She sounded nervous. “Commander, what’s happening?”
Keeler, though his heart was racing and his breathing intensified, answered. “The alien ships are pulling apart, producing a corridor approximately 1,800 kilometers wide. I think they intend for us to travel through it.”
“Why?” Lear asked, as though she expected him to know.
Keeler studied it. “That corridor is outside the estimated weapons range of their ships. It is as if they are creating a safe passage for us.” Probably so they can close in behind us and annihilate us, he thought, but did not say aloud. “It could be a trap,” he soft-pedaled. “Are the Bodicéans impressed enough yet?”
There was a long pause, and some muted discussion in the background. Keeler could make out phrases like, “how do we know…” and “they don’t look…” and “what proof…” Lear returned a moment later to confirm his hypothesis. “They need additional confirmation commander. The alien vessels are still outside of visual range.” Keeler nodded grimly. “Break out the excursion suits, I think we’re going to have to dock with one of those …” He almost said flying tombstones, but held his tongue.
“Acknowledged.”
“Mr. Wang, slow to 1,000 meters per second, and prepare for docking maneuver.” Alkema stared at him. Didn’t Lt. Commander Miller almost get killed doing this? he wanted to shout, but he guessed that this is what being a Tactical Lieutenant was all about.
From that perspective, he guessed, perhaps it was best that he might not be one for very long.
Keeler caught a hint of the young officer’s thoughts. “I don’t think there is any other way to convince them of the danger to their planet. Mr. Wang, bring us around. Oz has spoken.”
“Commander, I am detecting something at the end of the corridor. Something massive.” Keeler and Alkema bent over the tactical station. Four hundred thousand kilometers ahead, back behind where the line of alien ships ended, was something so large it bent light around it.
“Up ahead,” said Flight Captain Wang. There was nothing more to be said. No way to describe the indescribable.
Up ahead loomed a bright sphere, radiating a brilliant inner light. They were still too far away to pick out details, only its gleam.
“It must be a thousand kilometers across.”
“A thousand and change,” Wang whispered.
Winnie closed on the sphere. It was constructed of some kind of white material forming a latticework around plates of gray-black metal, an alloy the sensors could not identify. It was not a perfect sphere, but around its center was a ring with thousands of smaller domes, like bubbles in soap.

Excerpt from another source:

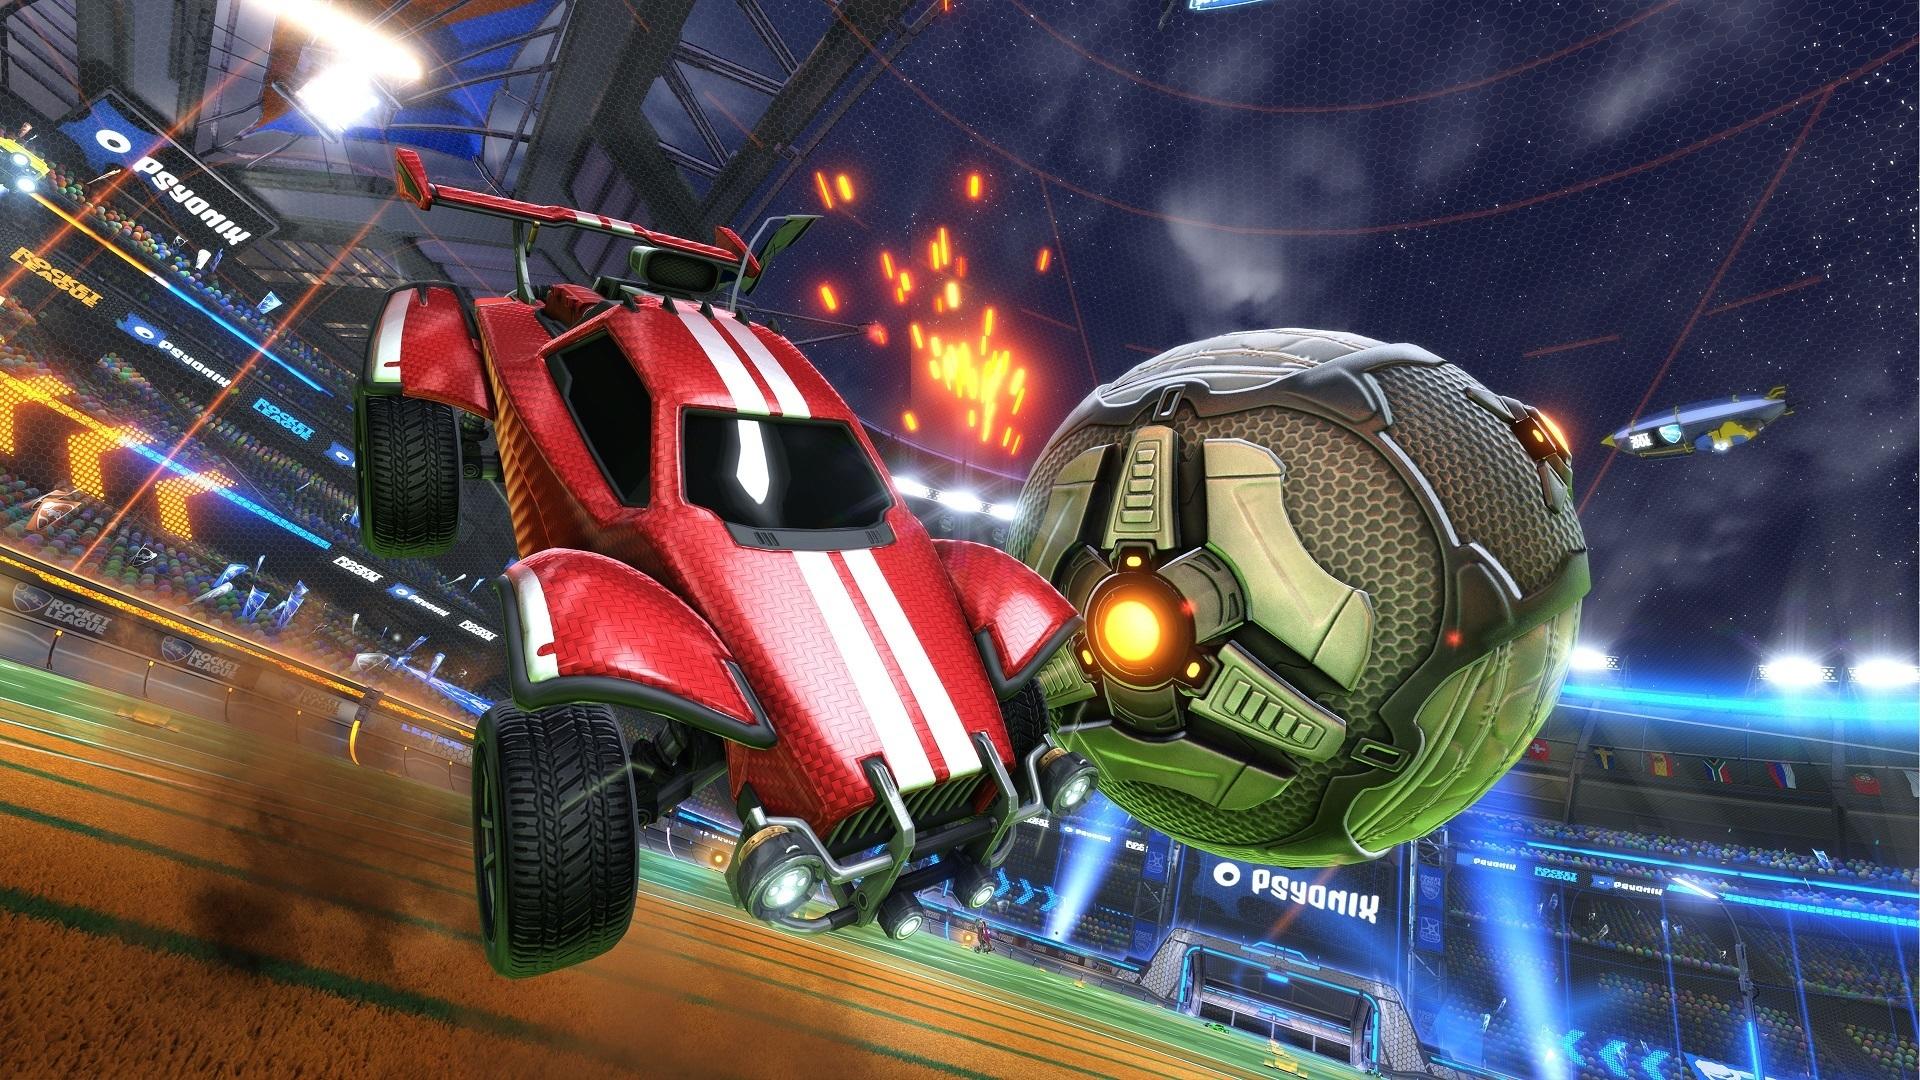 Why Rocket League’s quick chat mechanic is so demoralizing | The Loadout

“Can you scan it?” Keeler asked. Alkema directed the Aves sensor toward the great sphere. The image of the sphere peeled away in layers on the display, showing what lay inside. Beneath the domes were glimpses of water, plant-life, and thousands of layers of structures.
It was a ship that aspired to be a world.
“A world-ship,” Keeler said out loud. “Commander Lear, are you seeing what we’re seeing.”
“We certainly are, Commander Keeler,” she responded.
“Commander Keeler,” said Flight Captain Wang. “I am receiving a transmission, it’s a landing beacon, on Pegasus’s own standard frequency.
Keeler looked at the display Wang was pointing at, and realized for the thousandth time he was expected to understand what it meant when he did not have a clue. “Does this mean they want us to land?” he said out loud, a good enough dodge.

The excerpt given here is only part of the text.